Barring an unforeseen cataclysm, Mark Stoops will make University of Kentucky sports history in 2022. When UK kicks off its season Sept. 3 at 7 p.m. vs. Miami (Ohio) at Kroger Field, Stoops will set a new longevity record for a Kentucky head football coach by commencing a 10th season on the Wildcats sideline.
Whenever Kentucky gives its head man (59-53 since 2013) his second victory of 2022, it will move Stoops past Paul “Bear” Bryant (60-23-5 from 1946 through 1953) as UK’s all-time wins leader.
“The 10 years in Lexington is something that I am proud of, because I know how difficult it is,” Stoops said last month at SEC Football Media Days in Atlanta. “I know how difficult it is to walk into this league with the great coaching, with the recruiting and starting 6 feet below 14 (meaning last in the league), then try to climb the ladder as high as we can.”
From the big-picture view, what will make Stoops’ history-making 2022 intriguing is that the coming season will provide unique challenges that will test just how thoroughly the Cats coach has transformed the UK football program.
Kentucky was tabbed to finish second in the SEC East in 2022 by the assembled reporters at SEC Football Media Days.

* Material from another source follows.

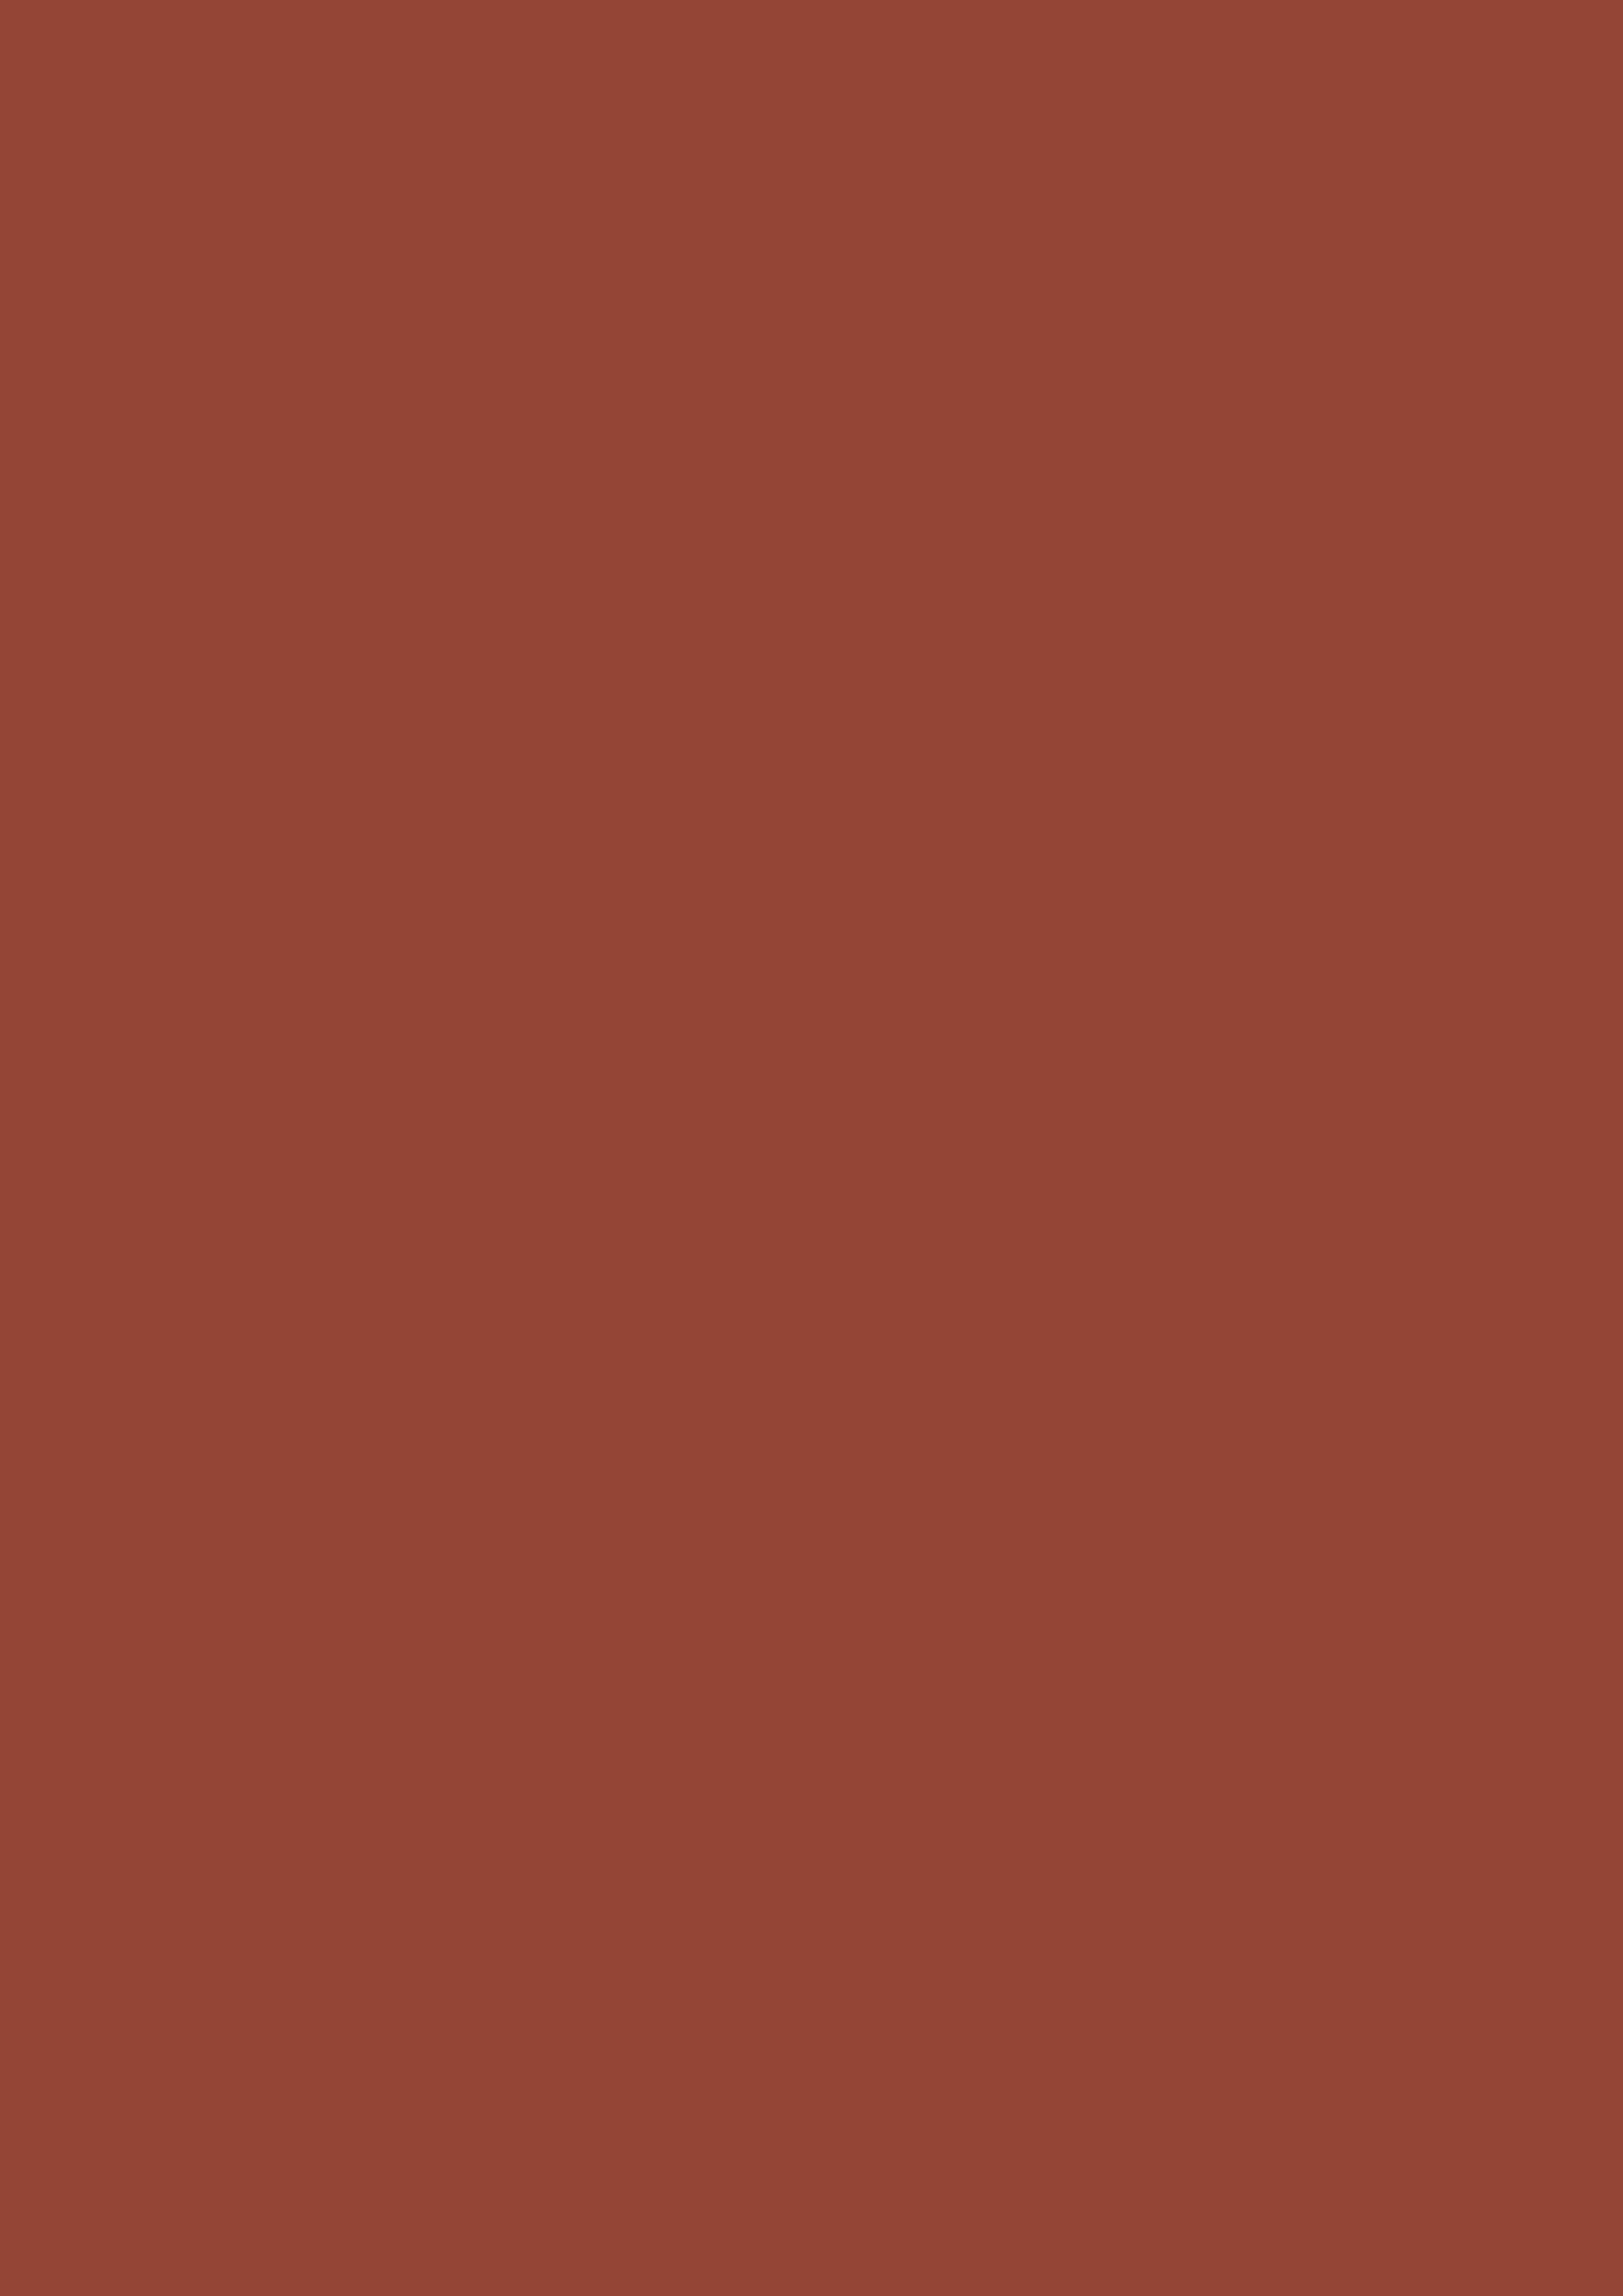 2480x3508 Chestnut Solid Color Background

Based on the performance of SEC East programs over the past five seasons, UK and Stoops have earned that level of respect.
Since 2017, Kentucky has the second most overall wins among SEC East programs: 1. Georgia 58; 2. Kentucky 40; 3. Florida 39; 4. Missouri 32; 5. South Carolina 29; 6. Tennessee 27; 7. Vanderbilt 16.
UK has the third-most SEC regular-season victories among East teams in the past five years: 1. Georgia 36; 2. Florida 24; 3. Kentucky 21; 4. Missouri 19; 5. South Carolina 17; 6. Tennessee 14; 7. Vanderbilt 5.
The Wildcats are tied with Florida for the second-best average finish in the SEC East standings since 2017: 1. Georgia average finish of 1.2; 2. Florida 3.2; 2. Kentucky 3.2; 4. Missouri 3.6; 5. South Carolina 4; 6. Tennessee 5; 7. Vanderbilt 6.8.
Over the past five seasons, only three SEC East programs have produced double-digit win seasons — Georgia has four; UK and Florida have two apiece.
Yet in picking UK second in the East for 2022, the SEC media essentially opined that Kentucky can absorb the substantial loss of key personnel off of last season’s 10-3, VRBO Citrus Bowl championship team without taking a substantial hit to the bottom line.
Kentucky enters the coming season without a proven offensive tackle on its roster and with only two starters returning on the offensive line — one of whom, Eli Cox, is switching from guard to center. That is a huge question to be answered for the Cats because physical and relentless play from “The Big Blue Wall” has been the foundation of Stoops-era UK football success.
Entering a year with more offensive line uncertainty than UK has been accustomed to facing in recent seasons, there remain questions about the playing status of pile-moving star running back Christopher Rodriguez.
We know for sure UK will be without the difference-making slot receiver Wan’Dale Robinson, who in 2021 produced the greatest single season ever (104 catches, 1,334 receiving yards) by a Kentucky wideout (Robinson is already drawing raves in New York Giants training camp, too).
Though there are receiver newcomers on the Kentucky roster with apparent promise, UK enters 2022 with no wide receiver who has caught more than 14 passes for the Wildcats in a season (junior-to-be DeMarcus Harris made 14 receptions in 2020).
If that weren’t enough offensive uncertainty, Kentucky is on its third offensive coordinator and third full-time offensive line coach in the past three seasons, too.
Defensively, Stoops and Kentucky must replace last season’s two most disruptive down linemen, nose guard Marquan McCall and end Josh Paschal, the latter a second-round draft pick by the Detroit Lions.
Meanwhile, in 2022, UK will face its two perennial SEC East nemeses, Florida and Tennessee, on the road. The Gators have beaten Kentucky 33 out of the last 35 meetings; the Volunteers have vanquished the Wildcats in 34 out of the past 37 contests. Both will have taken offense to having been picked to finish below UK in the division standings.
To have any chance to finish in the top two in the East, Kentucky almost certainly must win in either Gainesville or Knoxville — and maybe in both.
No Kentucky coach has beaten Florida and Tennessee in the same season since Fran Curci in 1977. UK has never won in Gainesville and in Knoxville in the same season.
That’s why, in a season in which Mark Stoops will make Kentucky football history, the tests he is facing will provide him the chance to show that the change he has overseen in the UK program is genuinely historic.